Western history is in fact full of stories in which people die willingly for a larger cause: Thermopylae, for example, or the Alamo. And while Patrick Henry in fact did not die rather than give up his liberty, we admire him for saying that he would. My own religious people, Unitarian Universalists, count among our ancestors Michael Servetus, who let John Calvin burn him at the stake rather than renounce his views.

And yet for some reason we judge Muslims to be insane when they refuse to act like homo economicus, the rational individualist postulated by economic theory. Economicus, as the theory has it, is trying to "maximize utility". In other words, he's trying to find a good deal, one where he gets as much as possible while giving up as little as possible.

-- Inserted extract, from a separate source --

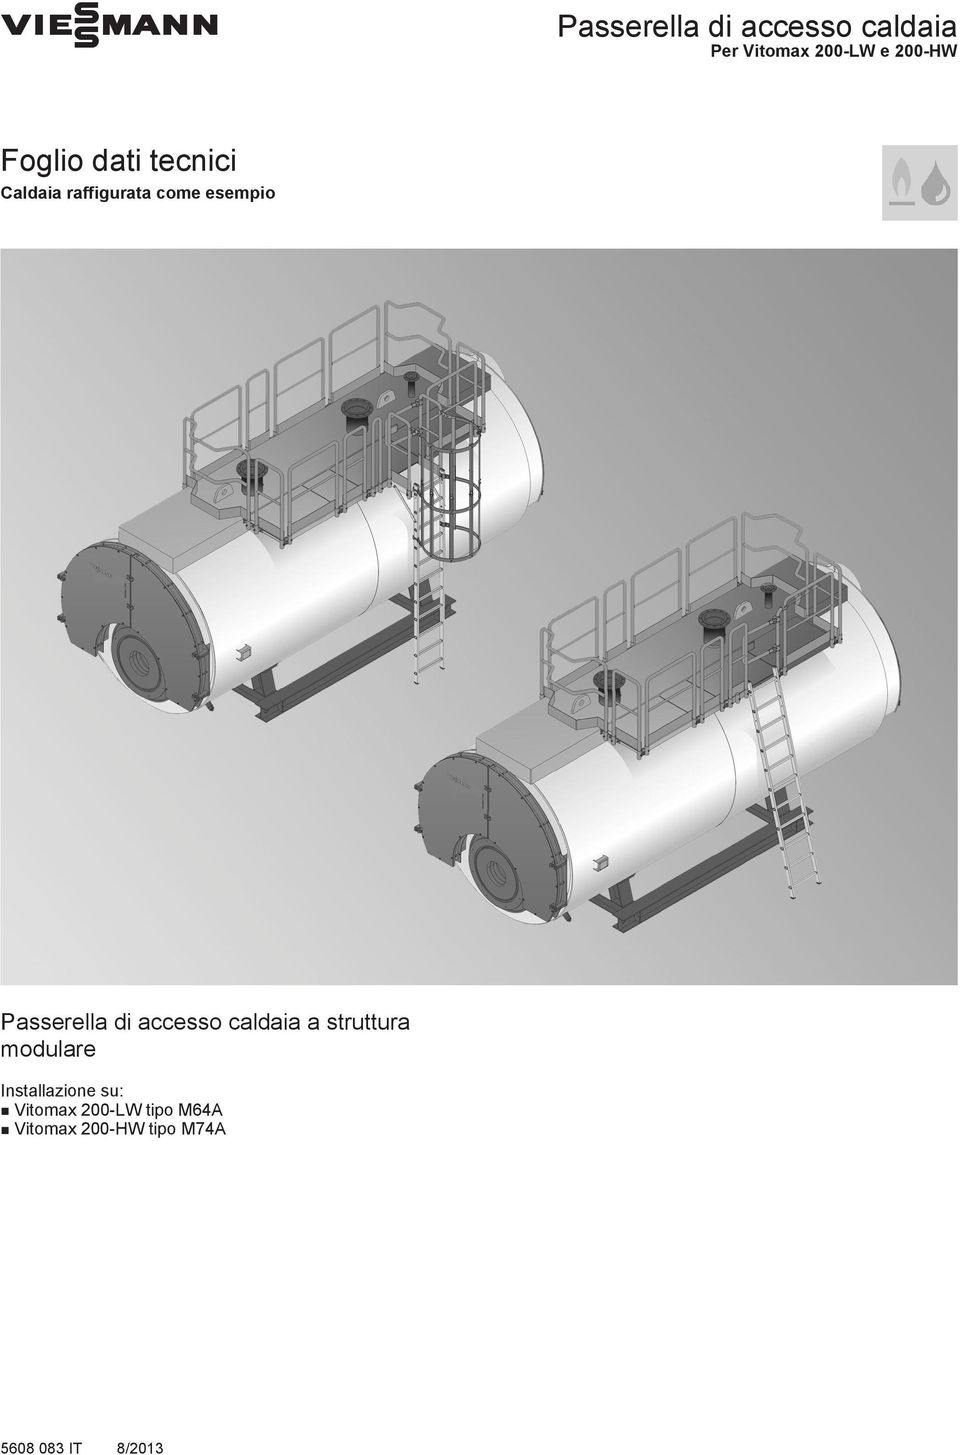 Passerella di accesso caldaia a struttura modulare

If you're trying to understand shoppers at a mall, the economicus model works pretty well. Understanding a suicide bomber as homo economicus, however, requires some adjustments: He gives up his life and gets (as far as we can see) nothing in return. Why would he do that?

Well, the economists recognize another situation in which people give up something valuable in exchange for nothing: fraud. In other words, homo economicus is still a rational decision-maker trying to maximize his utility, but someone has been corrupting his decision-making process with false information. Somebody tells you that you're buying the Brooklyn Bridge, you imagine the fantastic wealth you're going to garner from charging tolls on it, and so you fork over your life savings. You give up everything and get nothing – like the suicide bomber.

In this framing, Heaven plays the role of the Brooklyn Bridge. Some mullah tells the prospective martyr that after he blows himself up he'll be met at the gates of Heaven by 72 virgins. Such a deal! (I'm still trying to imagine the mindset of the mystic who had this vision. What kind of obsessive-compulsive would count the virgins?) Sam Harris explains it this way:
To see the role that faith plays in propagating Muslim violence, we need only ask why so many Muslims are eager to turn themselves into bombs these days. The answer: because the Koran makes this activity seem like a career opportunity. ... Subtract the Muslim belief in martyrdom and jihad, and the actions of suicide bombers become completely unintelligible.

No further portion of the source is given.